Professeur auxiliaire, Département de psychiatrie, Université du Michigan
Professeur auxiliaire, Département de neurologie, Université de Rochester
Le 4 mai 2016
Introduction
Le projet de loi C-14 de la Chambre des communes associe les « problèmes de santé graves et
irrémédiables » au fait que la mort du patient est « raisonnablement prévisible », ce qui fait en
sorte que seules les personnes qui sont [TRADUCTION] « sur une trajectoire menant à une mort
naturelle »1 peuvent accéder à l’aide médicale à mourir (AMM). En revanche, d’autres parties
(comme en témoignent les rapports du Comité mixte spécial [CMS] et du Groupe consultatif
provincial-territorial dexperts [GCPTE]) autoriseraient l’AMM pour les patients qui ne sont pas
atteints d’une maladie terminale, y compris les personnes qui souhaitent recevoir l’AMM en
raison d’une souffrance liée principalement à un trouble psychiatrique (par souci de brièveté, je
désignerai cette pratique l’« AMM psychiatrique » ou l’AMMP). Bien que le projet de loi de la
Chambre des communes interdise qu’une demande d’AMM soit principalement fondée sur un
trouble psychiatrique, il n’exclut pas les patients psychiatriques qui sont par ailleurs admissibles
à recevoir l’AMM1. Cela signifie qu’aucune personne dont la mort est raisonnablement prévisible
n’est exclue qu’en raison de sa maladie, qu’elle soit d’ordre psychiatrique ou autre.
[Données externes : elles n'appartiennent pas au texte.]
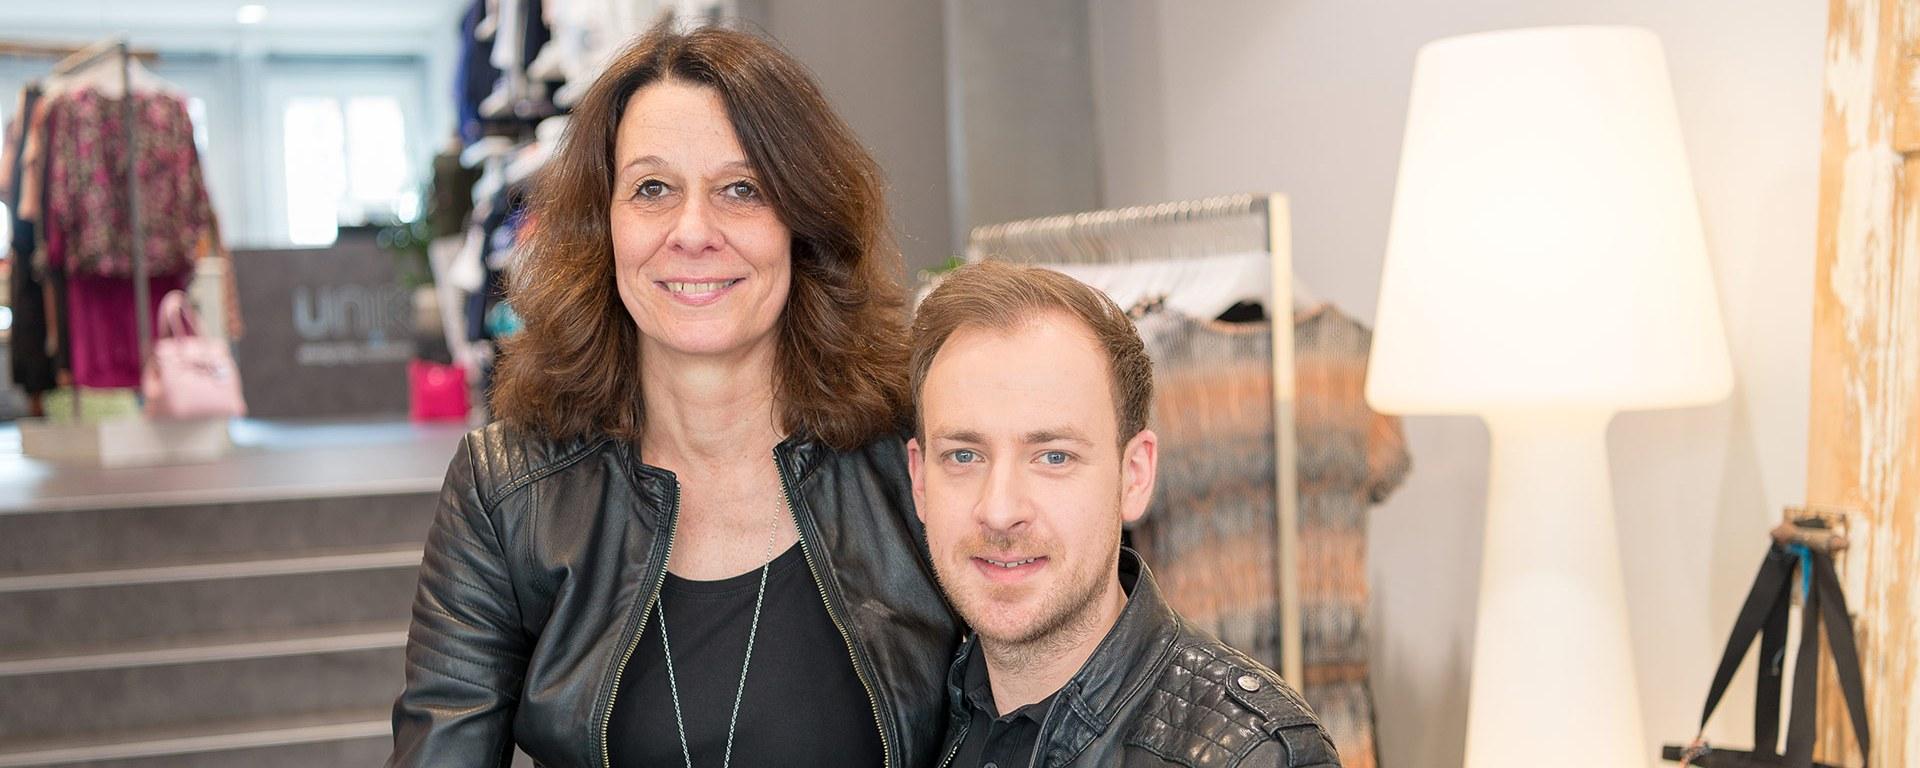 Susann Hesse und Martin Koj vom Modegeschäft UNIK.
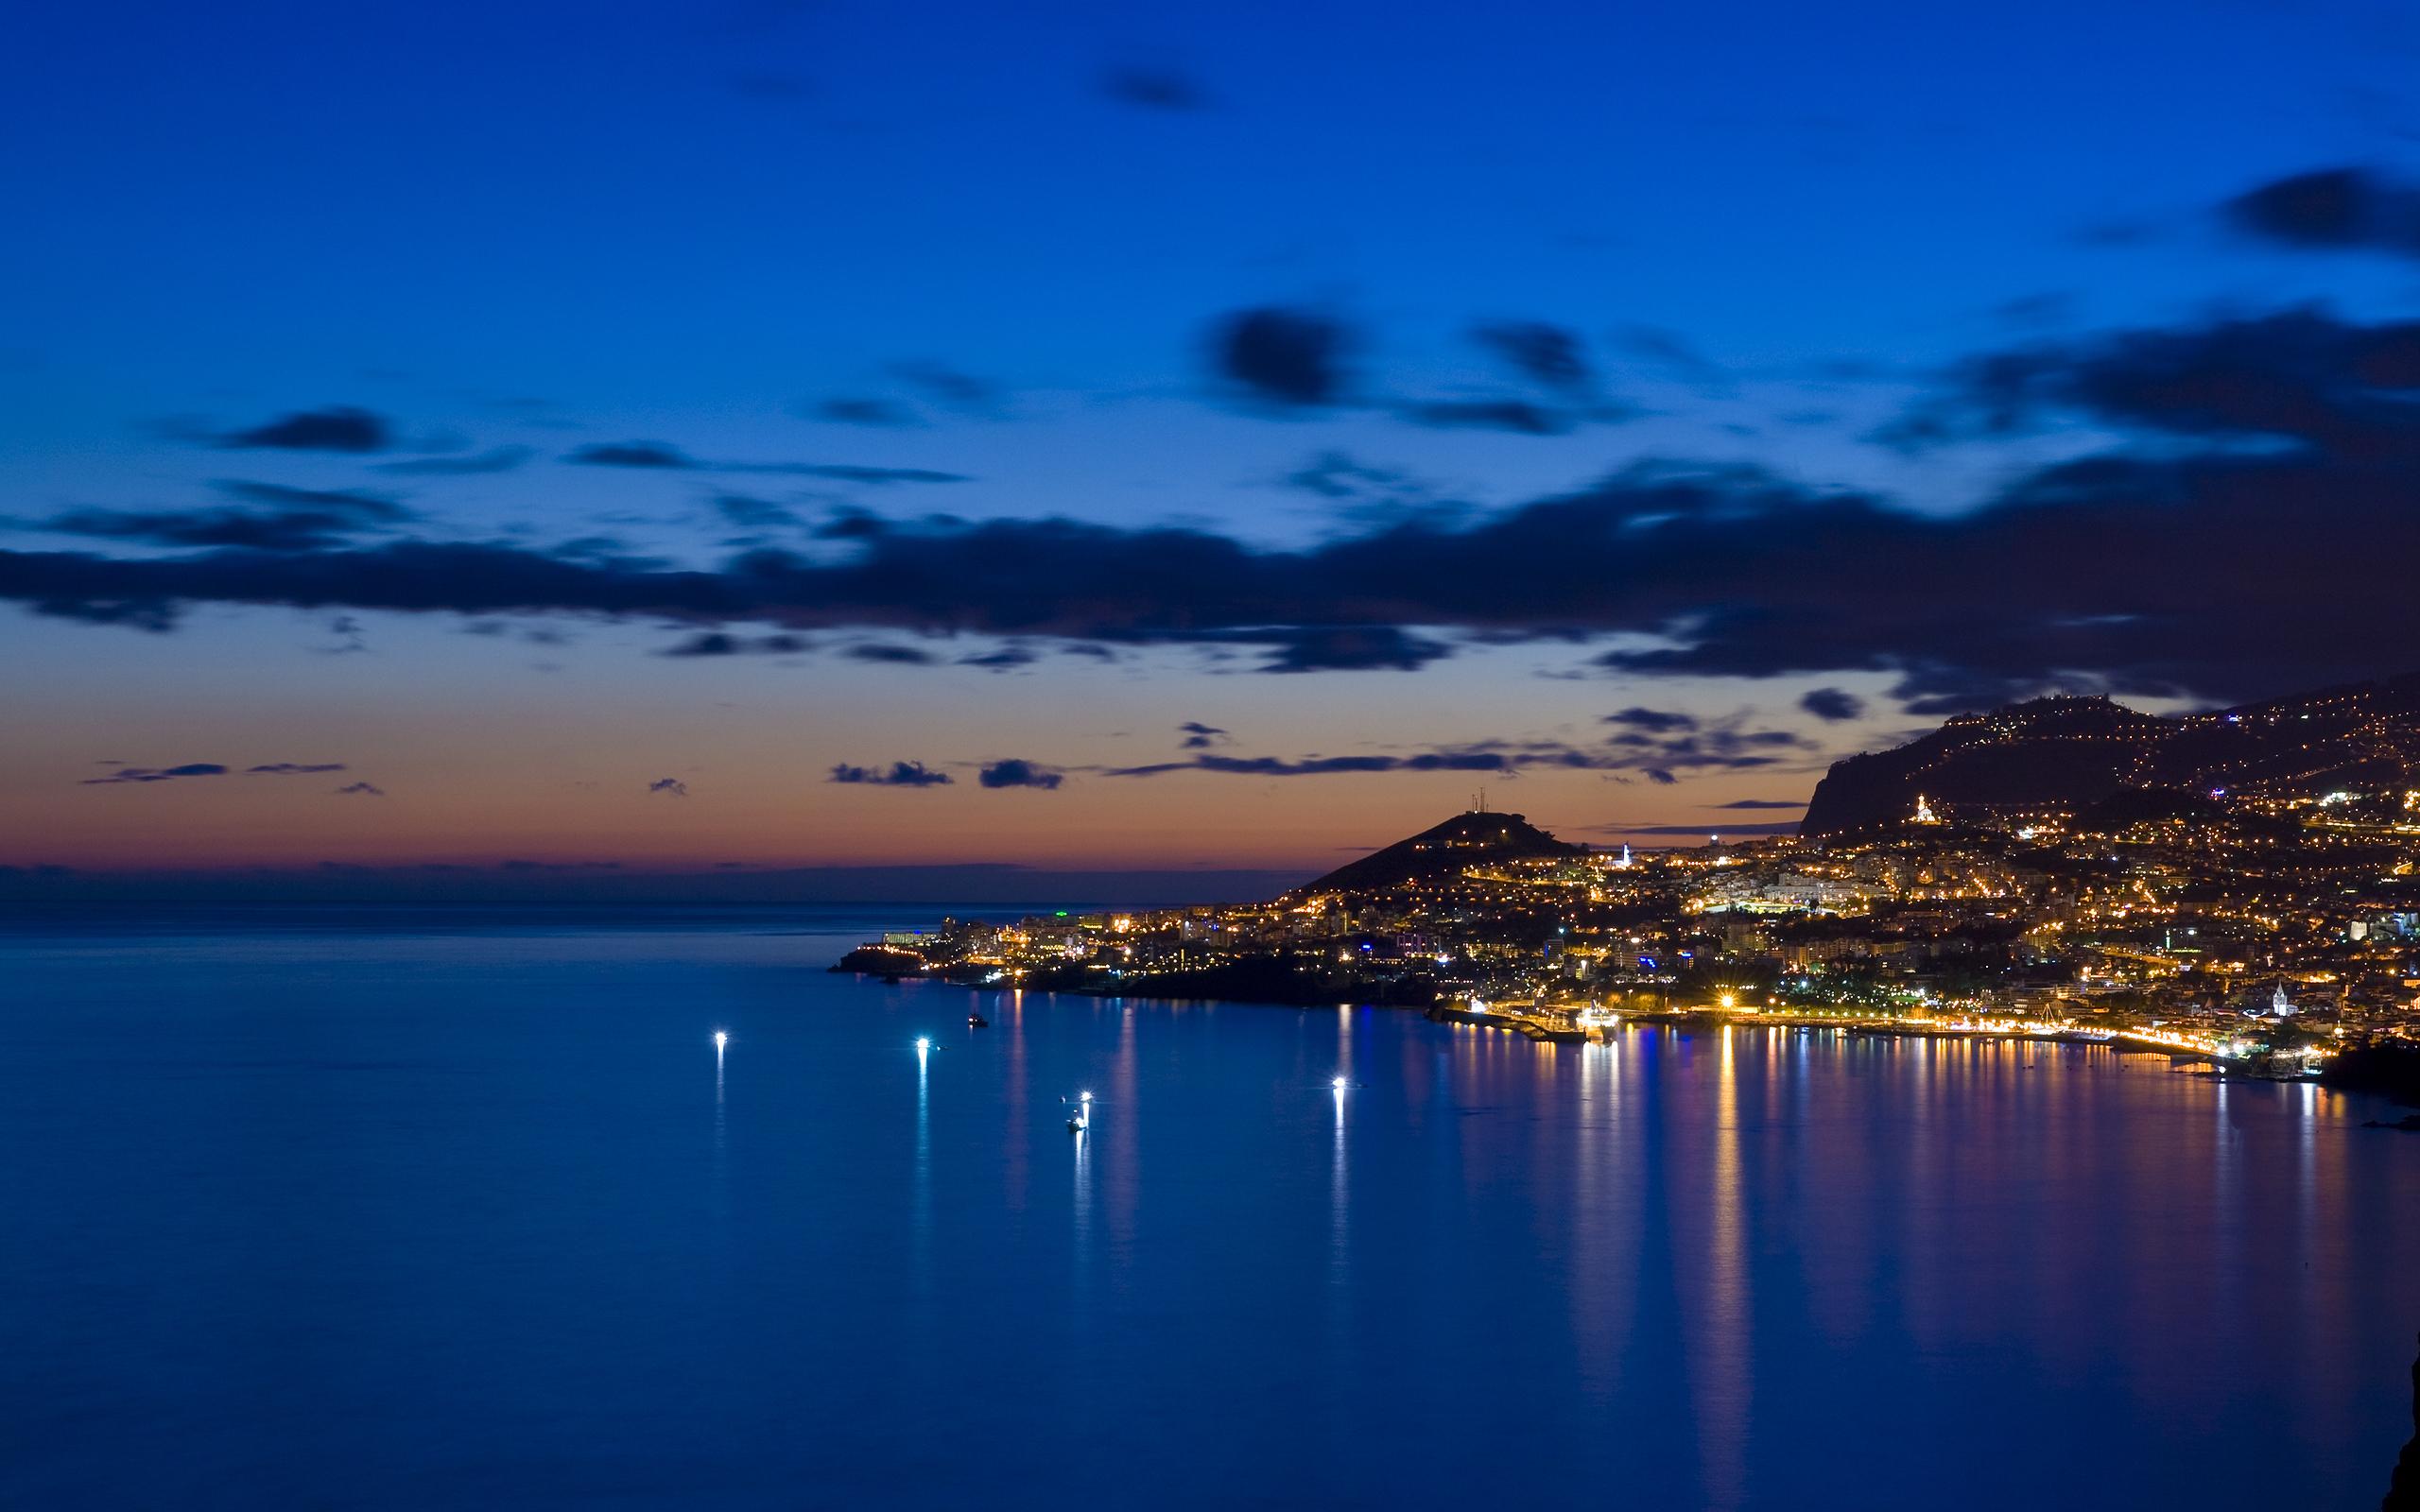 огни ночь город берег гора скачать

Cette présentation vise à traiter des données qui sont pertinentes aux fins de l’évaluation de
l’incidence potentielle de l’établissement d’un régime d’AMM qui comprend l’AMM psychiatrique.
L’analyse suppose l’existence de plusieurs facteurs qui augmentent le risque qu’une personne
atteinte d’une maladie psychiatrique grave reçoive indûment l’AMM si celle-ci est légalisée.
Aucun de ces facteurs ne devrait être controversé, que l’on appuie l’AMMP ou non.
Premièrement, les patients psychiatriques sont souvent stigmatisés et amenés à avoir
l’impression qu’on ne veut pas d’eux, que ce soit sur les plans culturel et social ou sur le plan
matériel, en ce qui a trait aux ressources qui sont consacrées à leurs soins. Deuxièmement,
comme les personnes atteintes d’un trouble psychiatrique sont souvent perçues comme étant
« différentes », la plupart des gens, y compris, d’après mon expérience, les médecins qui ne
sont pas psychiatres, ont une compréhension limitée des troubles psychiatriques graves.
Troisièmement, la nature même de certains troubles psychiatriques, soit l’un des aspects les
plus pénibles de ces troubles, tient au fait que le jugement du patient (même si la personne est
légalement compétente) est souvent influencé par des perceptions et des sentiments provoqués
par la maladie. Par exemple, une dépression grave peut entraîner des sentiments de désespoir
(lesquels peuvent provoquer un sentiment de détresse chez d’autres personnes également, à
savoir qu’il n’y a plus rien à faire pour le patient), et les troubles psychotiques peuvent causer
diverses déformations de la réalité qui sont souvent difficiles à détecter.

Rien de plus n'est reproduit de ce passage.